Friday brought about a big drop in the coal miners. Alpha Natural Resources Inc. (NYSE: ANR) tanked after Goldman Sachs downgraded the coal player from an already cautious Neutral rating down to a Sell rating. Its price target was also slashed to $4 from $6 in the call. Another coal mining stock that fell was Arch Coal Inc. (NYSE: ACI), yet it was not really the focus of the call.
So, the title of the story is a “Bull and Bear,” and the bull side of this is from Sterne Agee. Both Arch Coal and Alpha Natural Resources have Buy ratings at the firm.
Goldman Sachs cut its metallurgical coal price projection to $141 per metric ton in 2014, down from $150 previously. The downgrade also forecasts lower coal prices in 2015 and 2016 as well — on the heels of higher output in Australian output and slowing growth of Chinese imports. The firm’s other issue is limited supply rationalization in the United States. All of which are the basis for the downgrade in Alpha Natural resources.
Sterne Agee’s Michael Dudas and Satyadeep Jain do not agree — or actually they think this is all priced into a battered coal sector. This team recommended late on Friday that investors add to positions on this pullback. They said”

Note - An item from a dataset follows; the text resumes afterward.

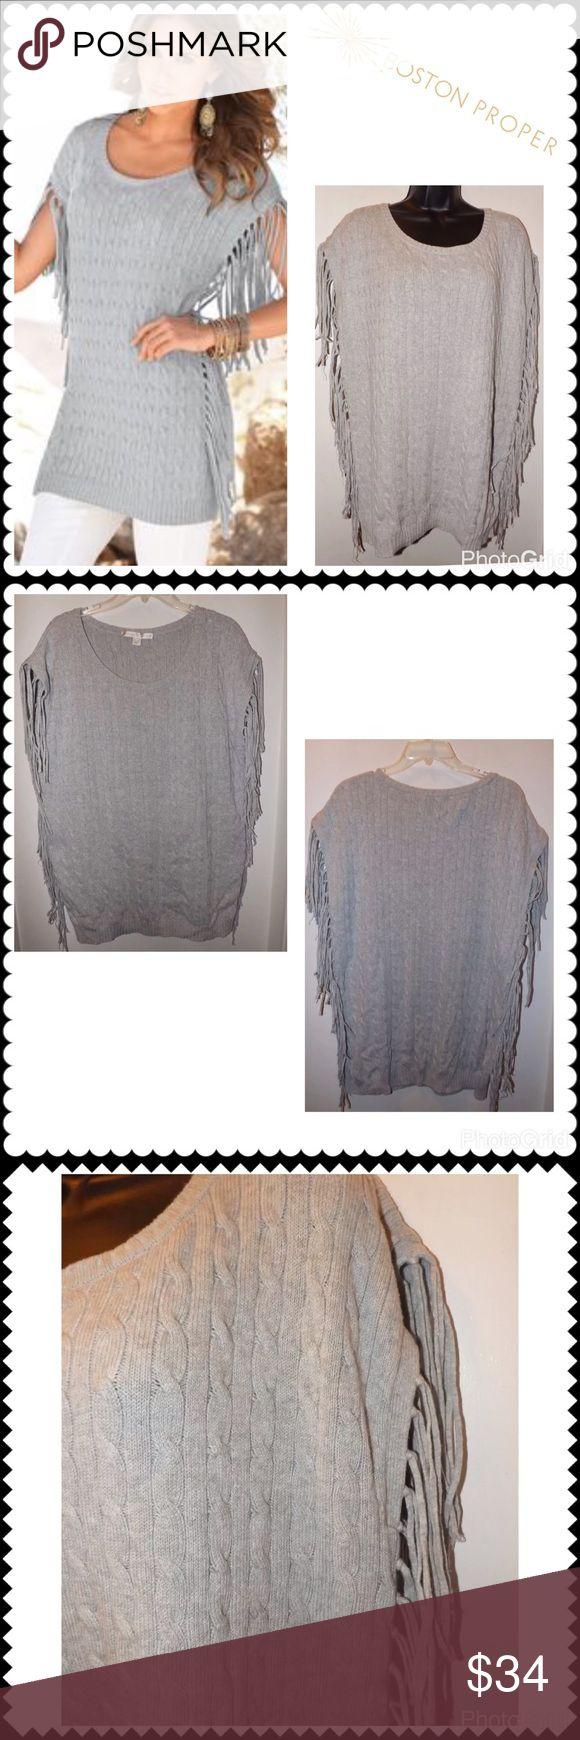 "BOSTON PROPER Cable Fringe Tunic Sweater Sz Medium Gray Cableknit Sweater by BOSTON PROPER. Sleeveless. Fringe down both sides. Cotton Blend. Cute! Sz Medium (22.5"" across chest, 29"" Shoulder to hem) Boston Proper Sweaters"

Regarding coal, the positive impact of improved US coal burn, reduced utility stockpiles and a higher natural gas price deck at times has been offset by continued negative sentiment surrounding global met coal dynamics. While a return to more normalized pricing environment will require producer discipline whose evidence remains shallow, we believe current coking coal prices suggest an output adjustment during 2014. We find the decline in Alpha’s valuation overdone and would add to positions. We rate ACI, ANR, BTU, CNX as Buys.
Arch Coal shares are still higher than the point where they were when we said the shares could double in 2014. This is still possible, but the risks have not changed either.
Alpha Natural Resources was down 11% at $4.87 and Arch Coal was down 4.5% at $4.46 right before the closing bell on Friday.